After the death of Nana Asma'u in 1864, her sister Mariamu, also a respected scholar, continued the movement. The movement still exists today in the 21st century. They have been a major importance in determining elections in Northern Nigeria, where some women voters outnumbered the men. At the end of the Sokoto Caliphate and the beginning of British Colonial Northern Nigeria, the leader of the Yan Taru movement was Tamodi, a Granddaughter of Shaikh Uthman dan Fodio. Women still visited her in Sokoto particularly for Islamic education.

== Legacy ==
Many modern organisations in Northern Nigeria with a primary focus on educating women, such as Jam’iyar Matan Arewa, Women in Nigeria (WIN) and Federation of Muslim Women Association of Nigeria (FOMWAN), cited the Yan Taru movement as an inspiration.

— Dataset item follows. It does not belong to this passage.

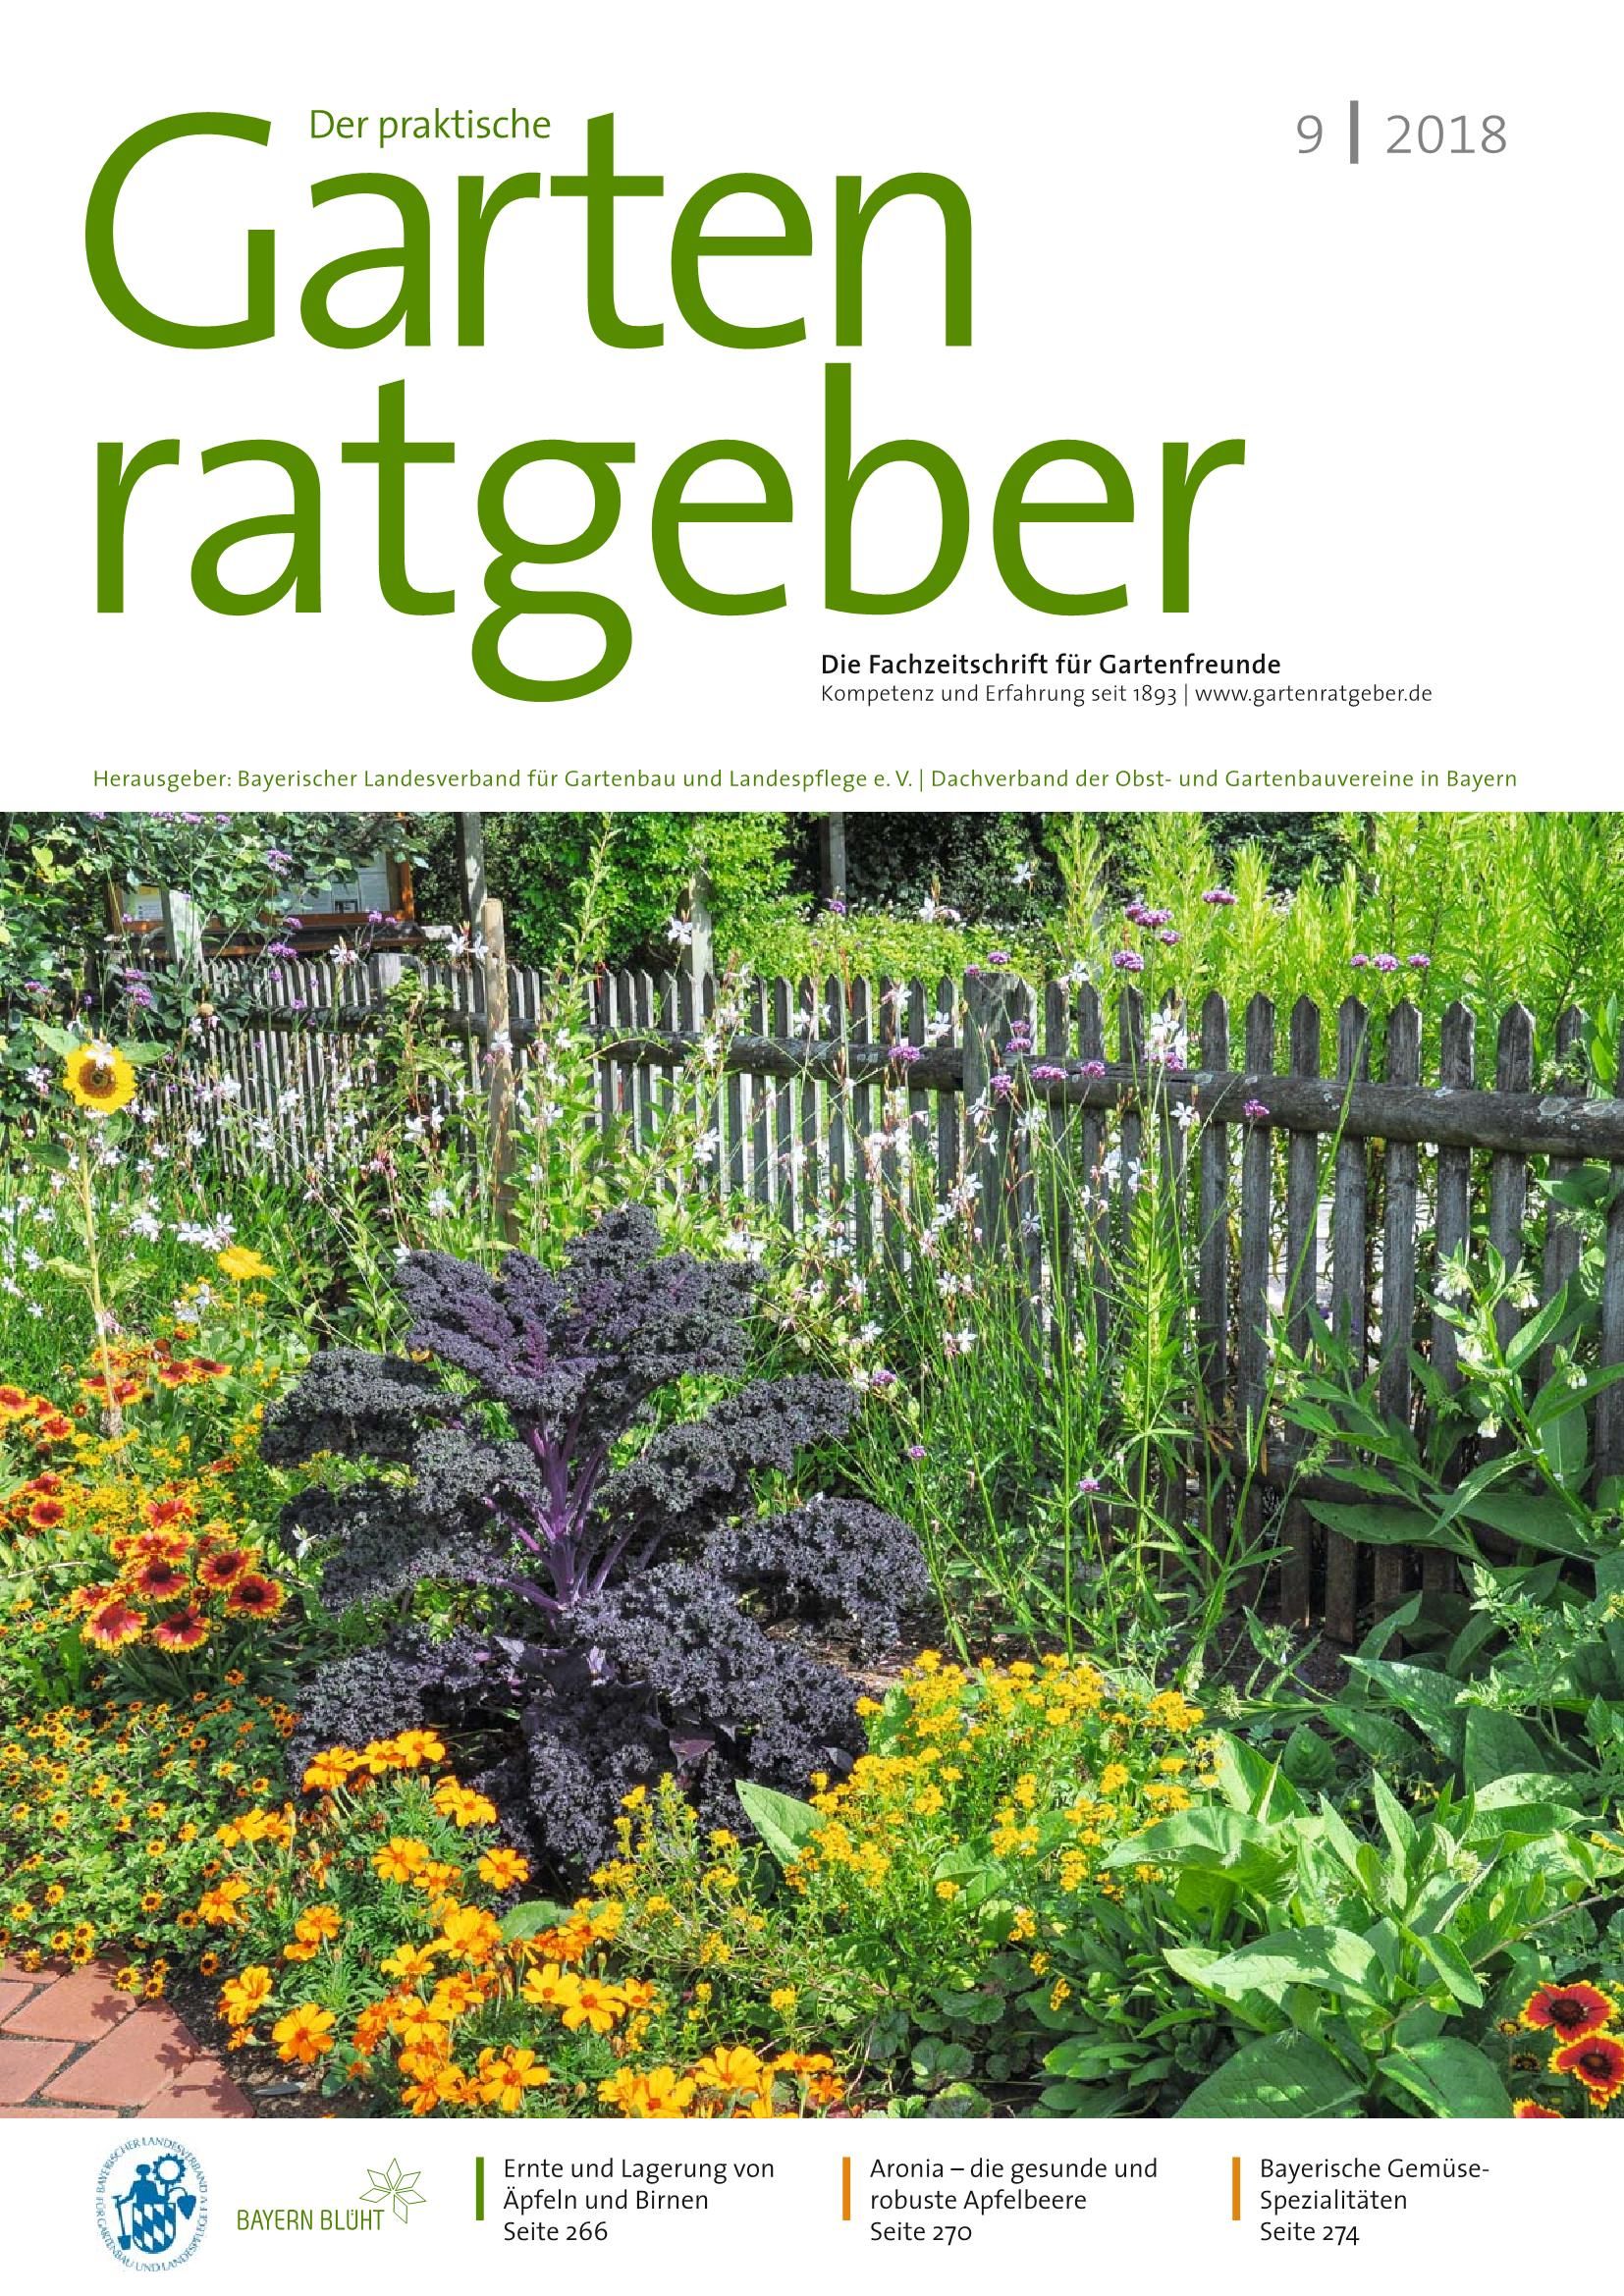 Naturnaher Garten Pflegeleicht Anlegen Luxus Der Praktische Gartenratgeber 09 2018 Pages 1 18 Text

These organisations have been at the forefront for advocating and campaigning for quality schools and education for women and children in Nigeria especially in the North.

Almost two centuries after its founding, the movement has become global. Yan Taru has chapters in many states in the United States such as Pennsylvania, Texas, Alabama, Georgia, California and Florida with hundreds of women participating as students. They facilitate educational programs and social welfare for women around the world. There are other Jajis globally like Dylia bint Hamadi Camara who is from Mali who was named the national Jaji of the US Yan Taru group.